The management jobs being consolidated in Plano, Texas will move from Torrance, New York City, and Erlanger, Kentucky. Jobs from Erlanger will also be moved to Ann Arbor, Michigan and Georgetown, Kentucky.
When Lentz took over Toyota’s North American operations in 2013, he began planning to save money by rationalizing the company’s fractured structure: research and engineering, sales and marketing, and manufacturing were separate units. Denver, Atlanta and Charlotte were the other finalist locations, the Wall Street Journal reported; it also said that Jones Lang LaSalle conducted the search for Toyota.
Toyota’s candor didn’t stop Perry’s partisans from crowing. “It’s a walk-off home run for Perry,” a Republican strategist told the Associated Press, “His jobs and economy narrative is now complete and real.” As Good Jobs First documented last fall, California and New York are two of the six states that Perry has aggressively sought to pirate jobs from. The $40 million gift to Toyota will come from the Texas Enterprise Fund, the “deal-closing fund” created at Perry’s urging that has been the repeated subject of critical investigations.
Actually, it’s the second time Toyota has gone off-script in the Lone Star State.
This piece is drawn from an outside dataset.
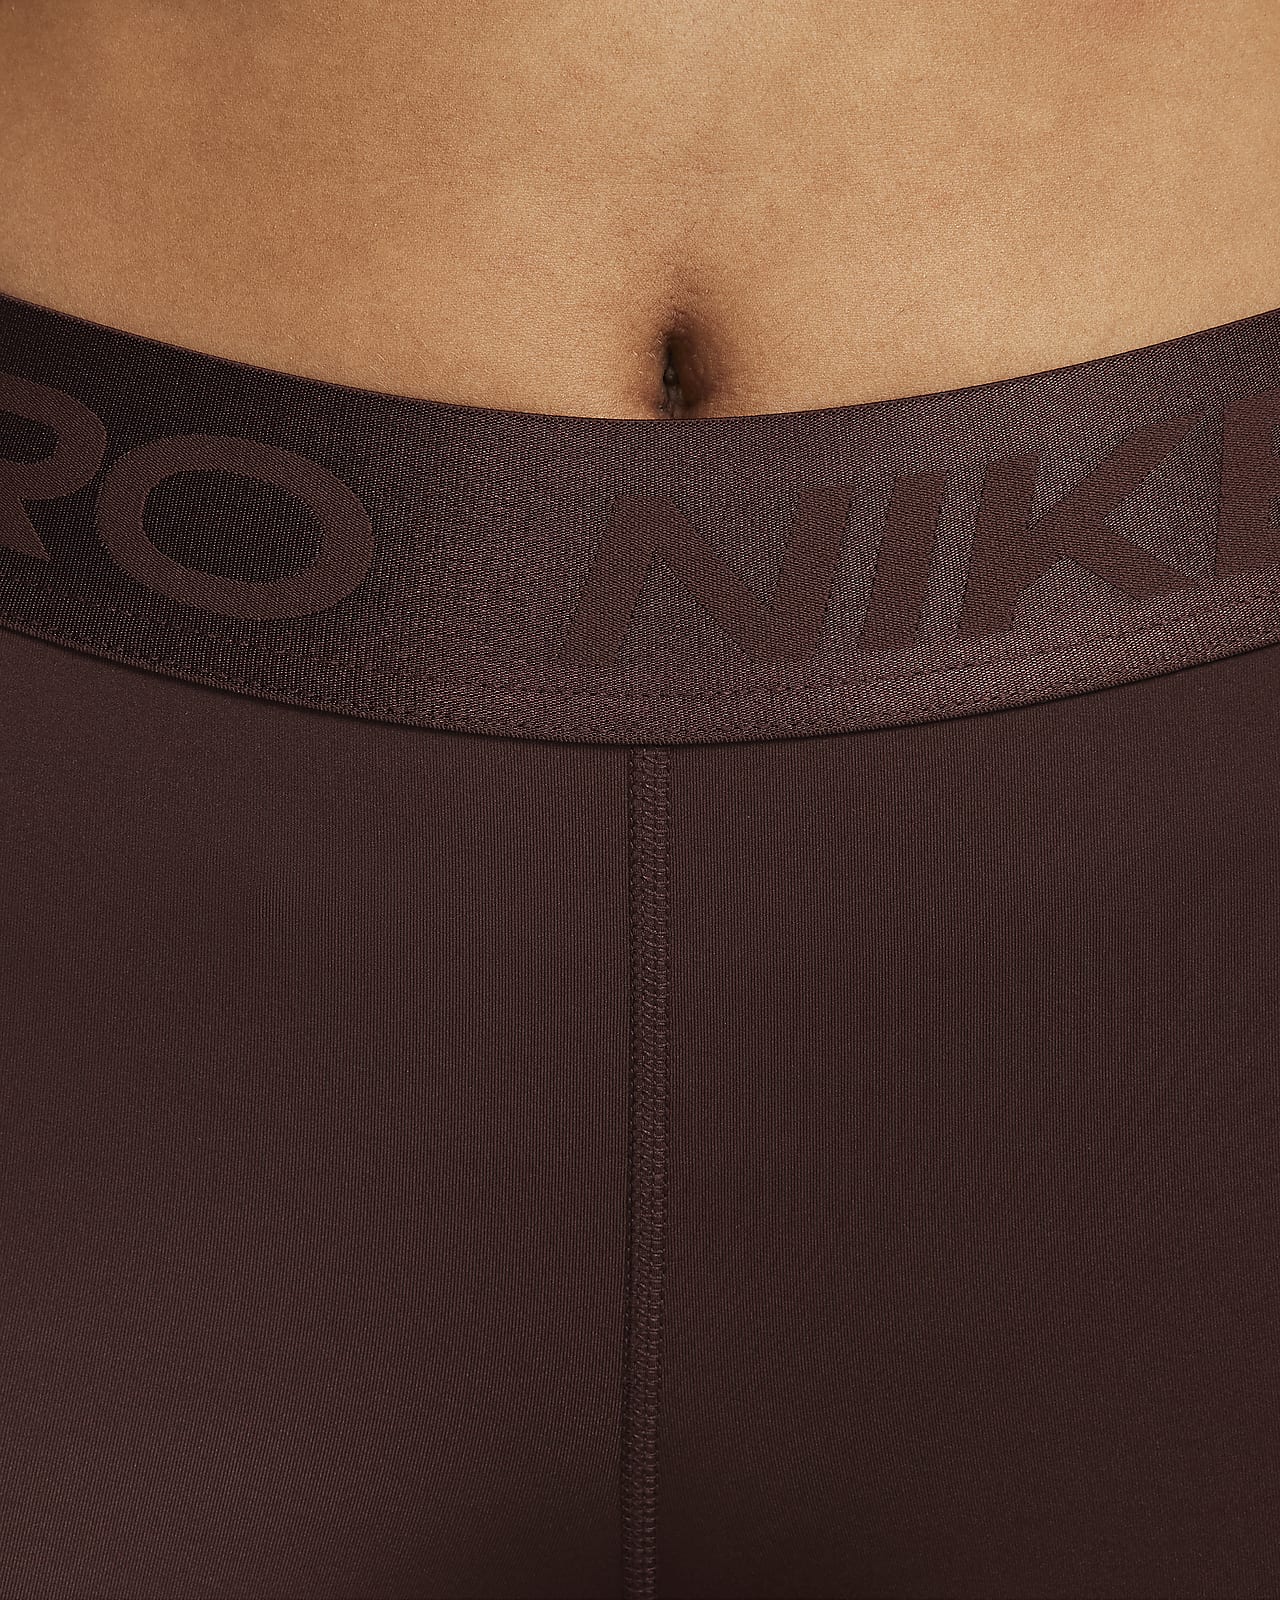 Shorts Nike Pro 365 Feminino - Raiana Shop

In 2003, when it chose San Antonio for its pickup truck assembly plant, Toyota reportedly took the far-smallest of four competing states’ subsidy offers; one was reportedly almost four times larger than the $133 million it accepted in Texas. It even volunteered to pay $34 million to the school district and refused to seek property tax abatements from other local taxing bodies.
Toyota’s senior vice president in charge of site selection in North America at the time said: “If you pull too many incentives out of the community in the beginning you pay the price down the road. It’s a pennywise but dollar-foolish thing to do. We believe it is in our best business interest to be a good corporate citizen and contribute to the community right away.”
I assume Perry and his advocates will continue to spin the Toyota news to justify spending $40 million of taxpayer money to pay the company to do what it clearly would have done anyway. But it’s a teachable moment for public officials and taxpayers everywhere about Site Location 101: business basics rule.
Greg LeRoy directs Good Jobs First and is the author of The Great American Jobs Scam.
Can you make sure Reid Dullberger readsd this?
Memphis and Shelby County should have “tax free” zones that are strategically located to favor inner-city Memphis the most. Each zone should have a fixed number of years for tax freezes and set minimum thresholds for jobs and wages. This would be part land use policy and part economic development policy.
Zones would be located to be attractive to businesses and have good access for residents without negatively impacting the transportation system. Zones would be located to take advantage of the current and future transit system. No PILOTS would be given outside the zones, and the tax free incentive should only be given to the type of companies we want to attract. No more warehouses, let them go to Olive Branch. The design of the criteria and the actual location of the zones would be part of Mayor Wharton’s new “Blueprint for Prosperity”
Although companies are laughing (ha, ha, they’re actually giving us tax freezes) all the way to their piggy banks, ending PILOTS doesn’t seem to be in the political cards, so let’s target what we want to happen.